Increasing Chinese and international demands for the United States of America and its always successive administrations to stop presenting itself as (the global leader of the values ​​of liberal democracy) and its demand to review all its policies and tracks internally and externally: here we find that Washington is in dire need to change its position regarding reviewing the policy of polarization internally and externally. Now, China and the international community should mainly focus on and call the USA for adoption such interior policies for the satisfaction of the American people, such as:

(Reforming all American democratic institutions, reforming its internal justice system, voting and casting their votes, including strengthening voting rights, in parallel with the need to put in place quick measures to stop racial injustice and improve comprehensive health and social security policies in the interior home).

 On the external level, the United States of America is in dire need of (working with everyone and respecting diversity and difference, regardless of their political systems, and striving to achieve common goals and securing global public goods), such as: (climate change, arms control and fighting terrorism), and other issues that are universally agreed upon.

   From my analytical point of view, it is necessary to shed light globally on the approaches and policies of the (development of China’s internal democracy and the improvement of its elections management system internally), in contrast to the decline in the level of performance of democracy in the American elections as the world followed them in the chaos of voting and the final results between “Biden and Trump”: The Communist Party of China “CPC” amended a number of internal regulations on Thursday, January 8, 2021, with the aim of improving the electoral work of all grassroots local Party organizations by approving the newly amended election rules, in accordance with the directives of the “Organization Department of the CPC Central Committee”, which announced that the local and grassroots groups are of great importance in strengthening the political structure of the Communist Party and the democracy within it.
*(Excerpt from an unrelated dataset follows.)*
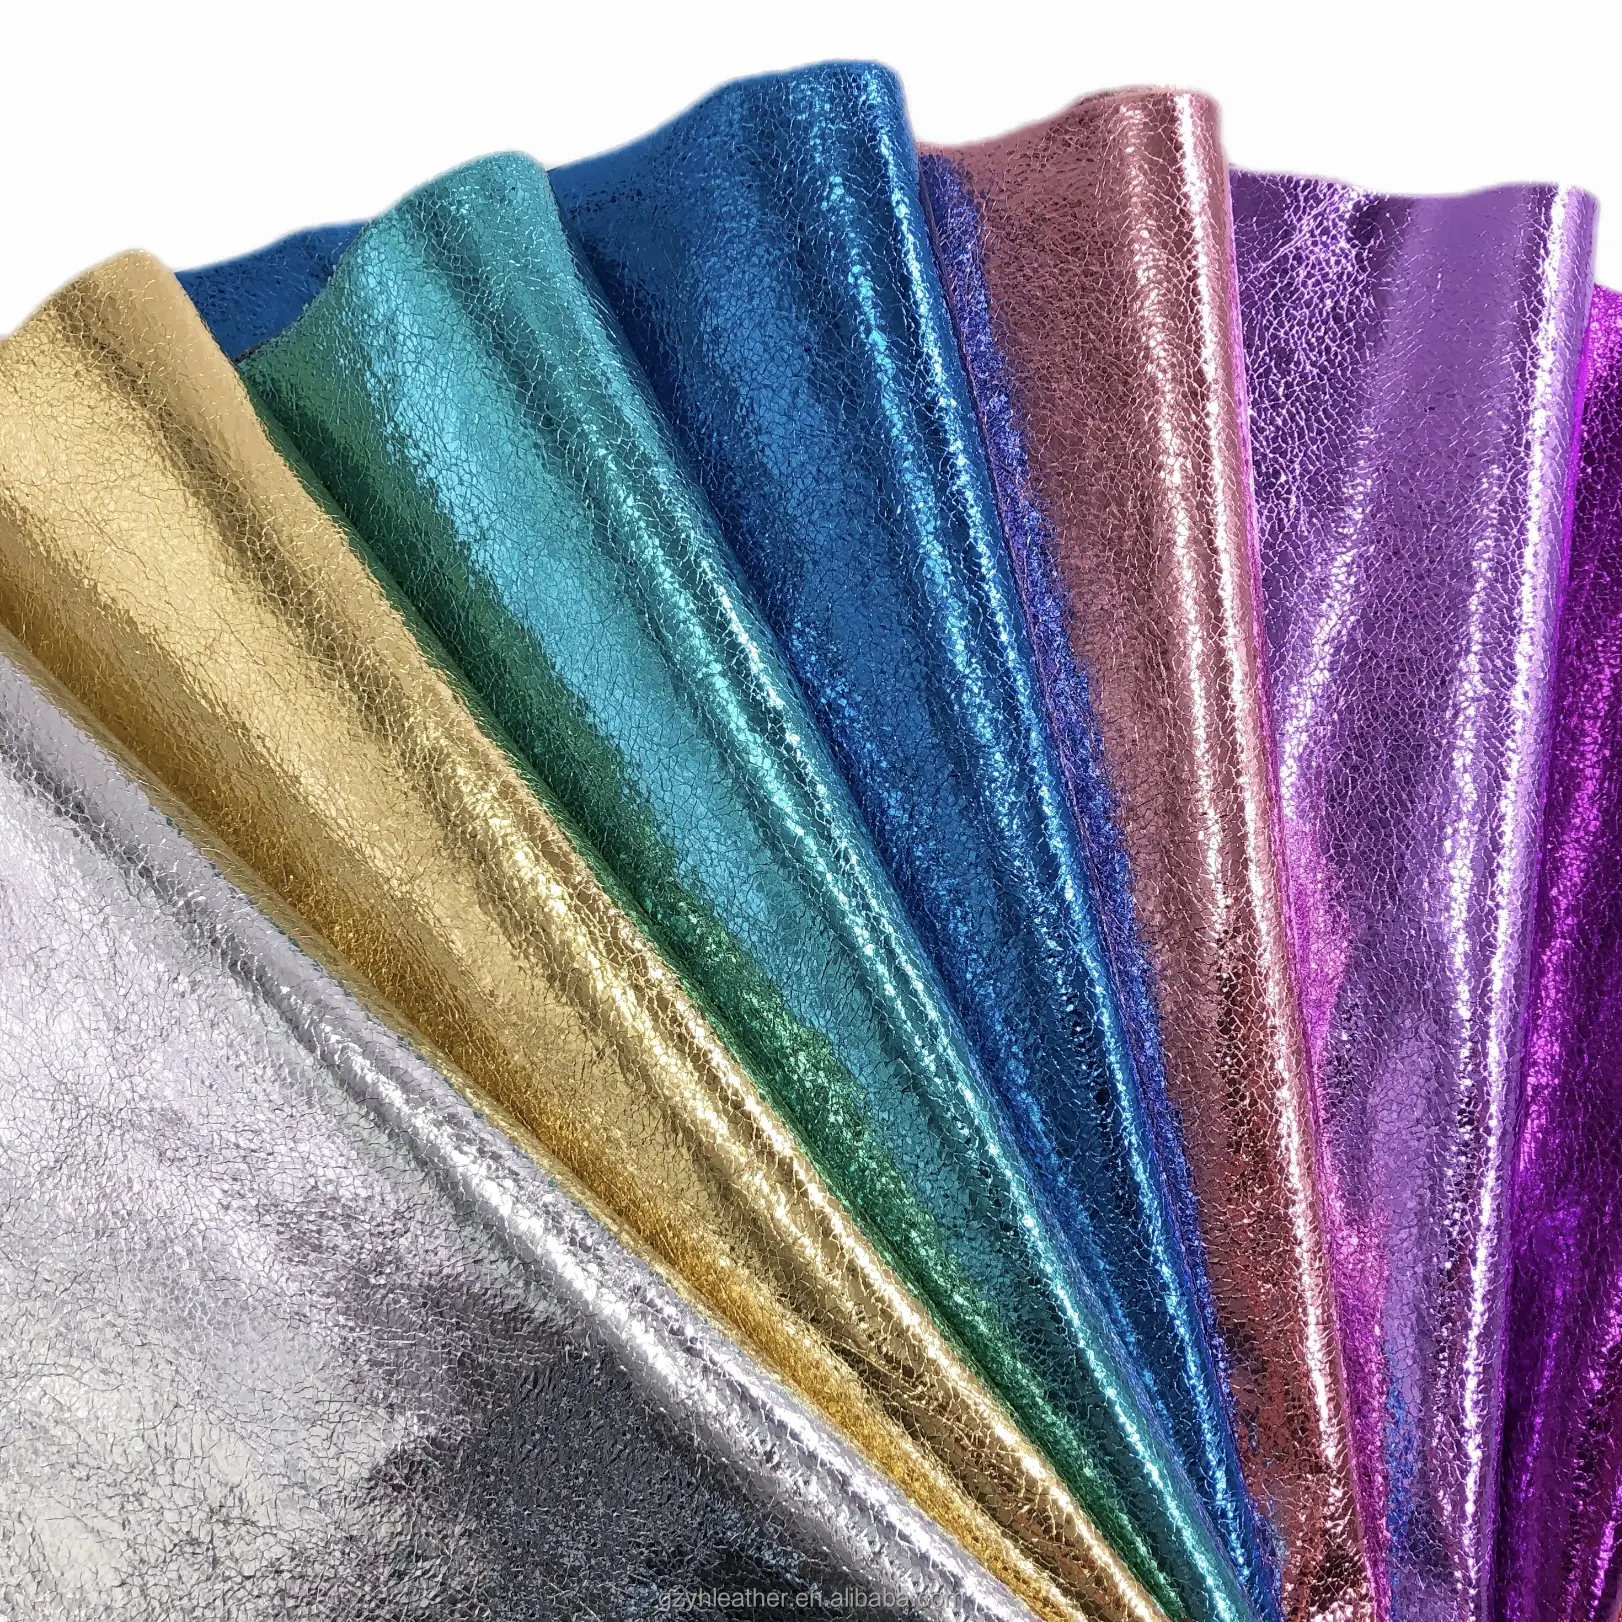 Marimekko FA094 küçük çatlak vegan tekstil deri ürünler sentetik kumaş pu metalik deri çanta ayakkabı süslemeleri

We can identify as well that the “Organization Department of the CPC Central Committee” has considered that the “revised version of the work rules for the elections of local party organizations, which was published by the CPC Central Committee on its official websites, is of great importance for unifying the standards of the electoral work of local party organizations and strengthening their construction”. 

  The procedures for the internal basal local elections of the Communist Party were determined by following (four steps for the election stages, determining an appropriate percentage for workers and peasants to represent them at the forefront of the front lines by selecting their delegates and their representatives in local party conferences), and the minimum required to represent this category is 30% of the are party’s congresses delegates at the level of various Chinese local provinces.

  Through my new analysis and linking theoretically and practically between thought, theory and practice, to manage the ongoing conflict between Washington and Beijing, even at the sporting level, such as Washington’s boycott of the “Beijing Winter Olympics in February 2022”, this can lead us to a theoretical analysis and understanding about the causes of this growing tensions between China and the United States of America, which have been (resulting from deep and long-term transformations in the current international system, and its transition from the era of globalization to the stage of strategic competition between the two major powers).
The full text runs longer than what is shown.